Objects are allocated in "heap" memory, which is divided into two areas called "generations". There is a "young generation" area that's further divided into "Eden" (aka the "nursery") and two "survivor spaces". There is also an "old", or "tenured" generation area, comprising essentially all the heap not in the young generation.

Objects normally are allocated in Eden first. "Large" objects too big for Eden go into the tenured generation.

When Eden gets full, all the "live" objects, ones that are still reachable via some reference in the program, get copied into the first survivor space, then Eden is erased and the pointer to free Eden space is set to the beginning of the space.

Object allocation is simply a matter of designating the current "top" of Eden as the address of the new object, and the pointer to free Eden memory is increased by the size of the object. This takes something like 10 ns on modern computers. There is no equivalent to "free" because individual objects are never freed; the entire section of heap is simply erased and the free area pointer reset. When the first survivor space is full, then the JVM copies all the live objects from it and Eden into the other survivor space. Eden and the first survivor space are erased and their pointers reset. Now the other survivor space becomes "first", the old one "second", and the process repeats.

This is very speedy because dead objects are not tracked or marked, and well-written programs tend to have many relatively small objects of which most don't live long.
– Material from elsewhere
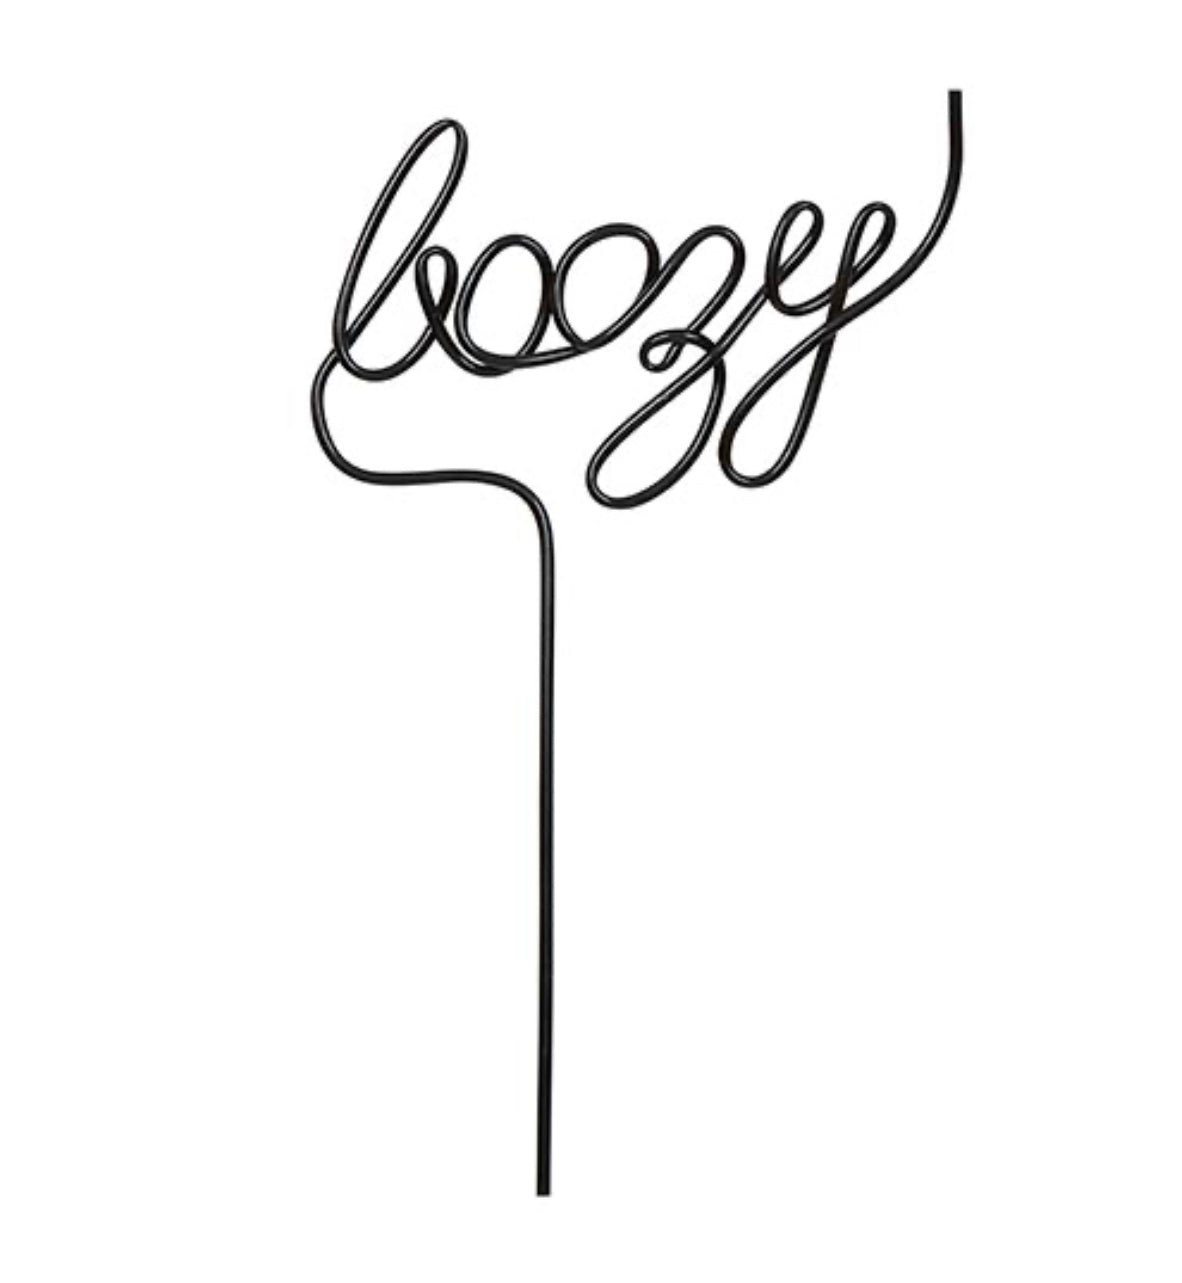 black plastic straw twisted into the word "boozy" at the top
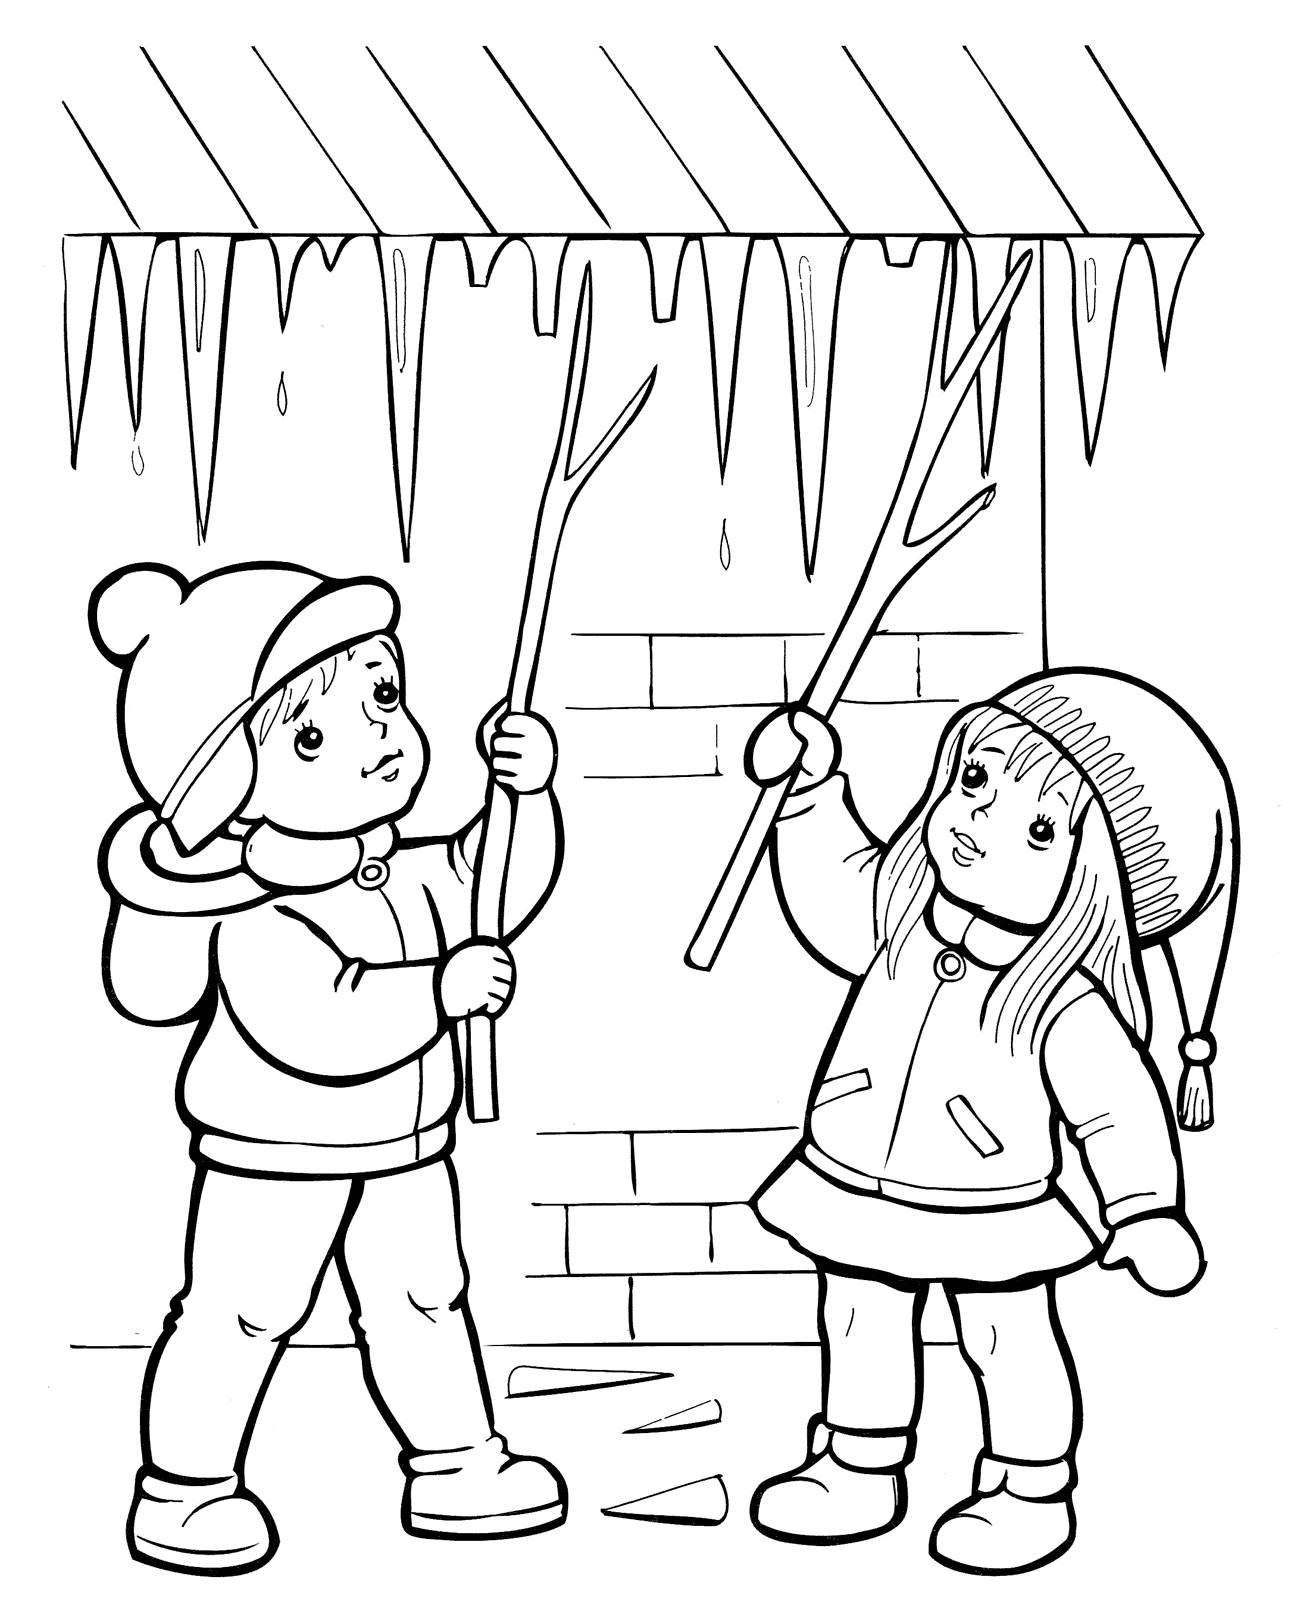 Children knock down icicles

When objects do live a long time, they get "promoted" out of the young generation to the tenured generation, which is collected less frequently using slower algorithms. Tenured objects tend to die less quickly than in the young generation, and when they do, their space just becomes a "hole" of free space somewhere in the middle. Old-generation garbage collection typically involves moving live objects next to each other to consolidate blocks of free memory into larger blocks.

This is just a scratch of the surface. There's more to study.